Rented for a year to three Lyon merchants, including a certain Pierre Dumoulin, master glover-perfumer, the automatons were exhibited in London in 1742, then purchased in Vaucanson at the end of the lease. Dumoulin made them travel to the Netherlands, France, notably Strasbourg in 1746, and Germany, where, due to lack of money, their journey was interrupted in 1755 at a pawnbroker in Nuremberg. As a precaution, Dumoulin made the automatons unusable, reversing parts of the Flutor and the Tambourinaire. Having left for Russia, he died there without ever coming to reclaim his property.
After thirty years of abandonment in Nuremberg, the automatons passed into the hands of several owners and repair mechanics, but it seems that, unlike the Duck, the Flutor and the Drummer never worked again. Gottfried Christoph Beireis, professor of medicine in Helmstedt and collector of curiosities, after purchasing the automata in 1784, called on Johann Georg Bischoff Jr. to restore them, and declared himself satisfied with the result; nevertheless, to modernize the flautist's repertoire, he had the cylinder replaced with a mechanical musical instrument performing one of his favorite tunes, taken from Carl Heinrich Graun's opera Brittanico, which he had previously heard on a musical clock. Abusing the credulity of the rich collector, a charlatan promised to improve the fluter by integrating a device that would allow it to play on sight any sheet that was presented to it. He disappeared without leaving an address; his intervention would have put an end to any possibility of further restoration. Goethe, who visited Beireis in 1805, wrote in his Tag- und Jahreshefte: "Der Flötenspieler war verstummt" (the flautist had become mute). Around 1840, automatons, including the famous Duck, were entrusted for repair to Johann Bartholomé Rechsteiner, but nothing indicates that he succeeded in putting the flute back in working order, if indeed he really had this automaton in his hands.
The last recorded exhibition of the Flûteur was that of September 1863 in Paris, organized by the automaton specialist Blaise Bontems, which however remains uncertain. It is unknown what happened to it afterwards; at the end of the 19th century, it would have been present in Vienna, mentioned then as the only authentic Vaucanson automaton still surviving.

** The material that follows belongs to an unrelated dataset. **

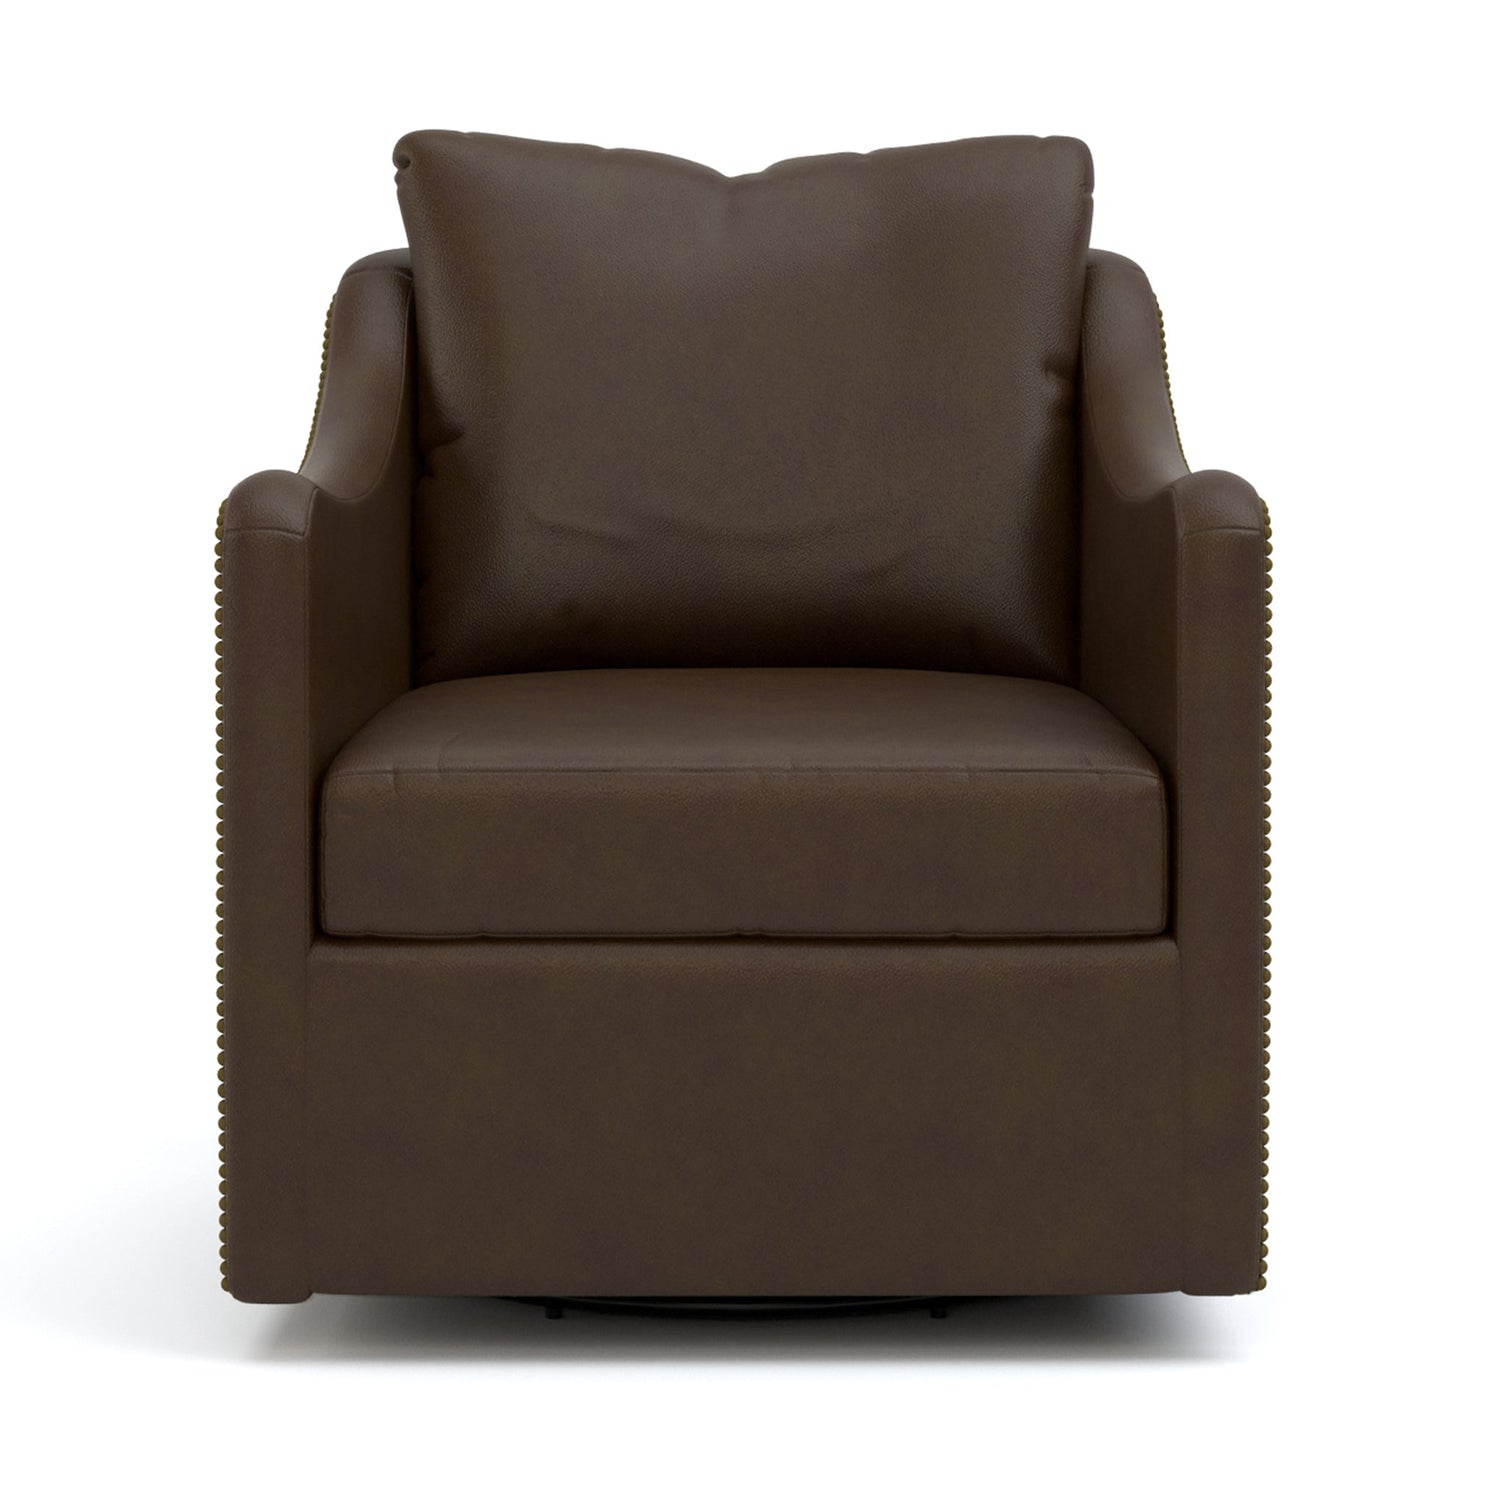 Maidstone Swivel Chair in Weston Truffle leather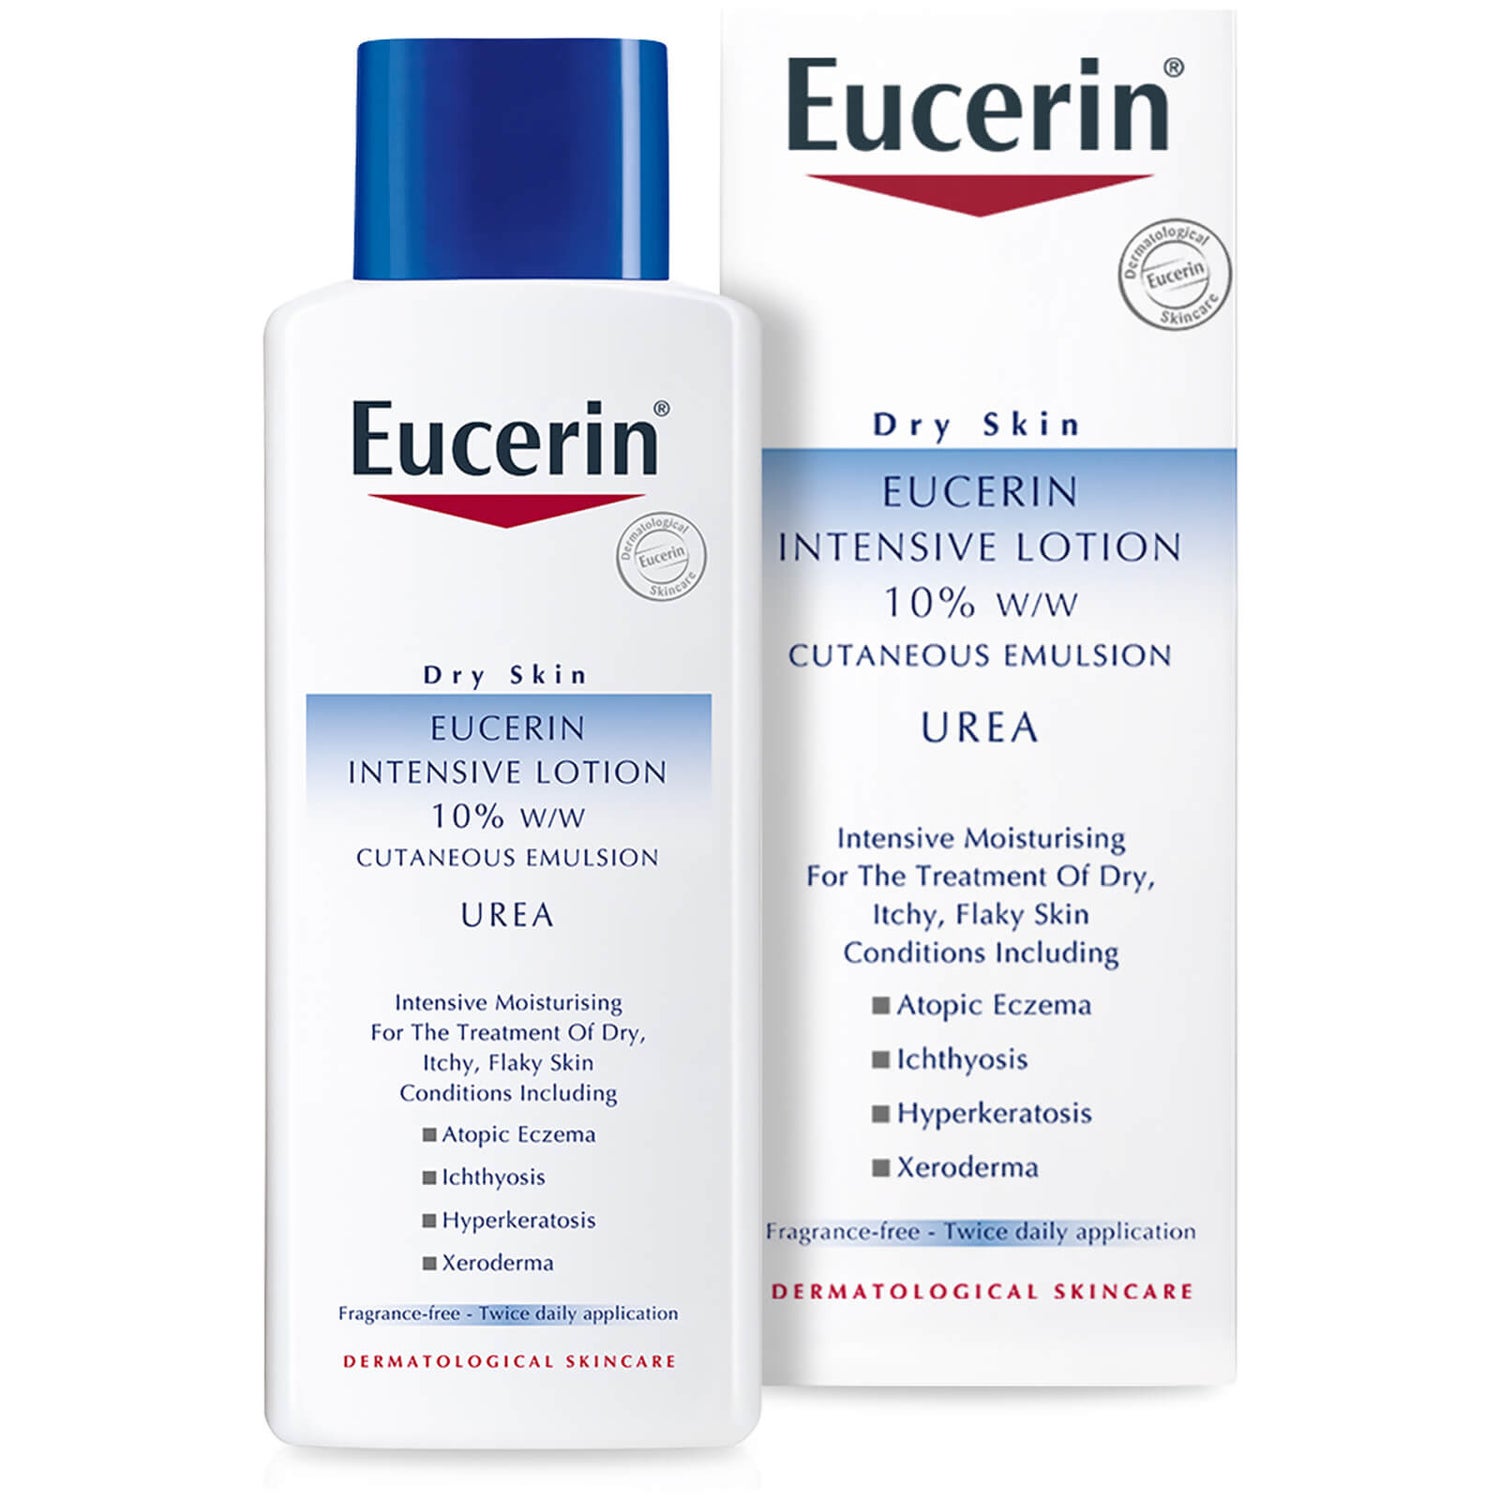 Eucerin® Dry Skin Intensive Lotion 10% w/w Cutaneous Emulsion Urea (250 - lookfantastic

= The flute and sound production
=Removable and replaceable, the flute was in all likelihood, and unlike the galoubet of the Provençal Tambourinaire, the only part not built by Vaucanson and his watchmaking workers. The memoir of 1738 and the article Android of the Encyclopedia indicate that this flute is in D, that it requires the active role of three fingers of the left hand and four of the right hand, and, as is seen on the engravings of the Carnavalet museum and the National Library, it was in four parts.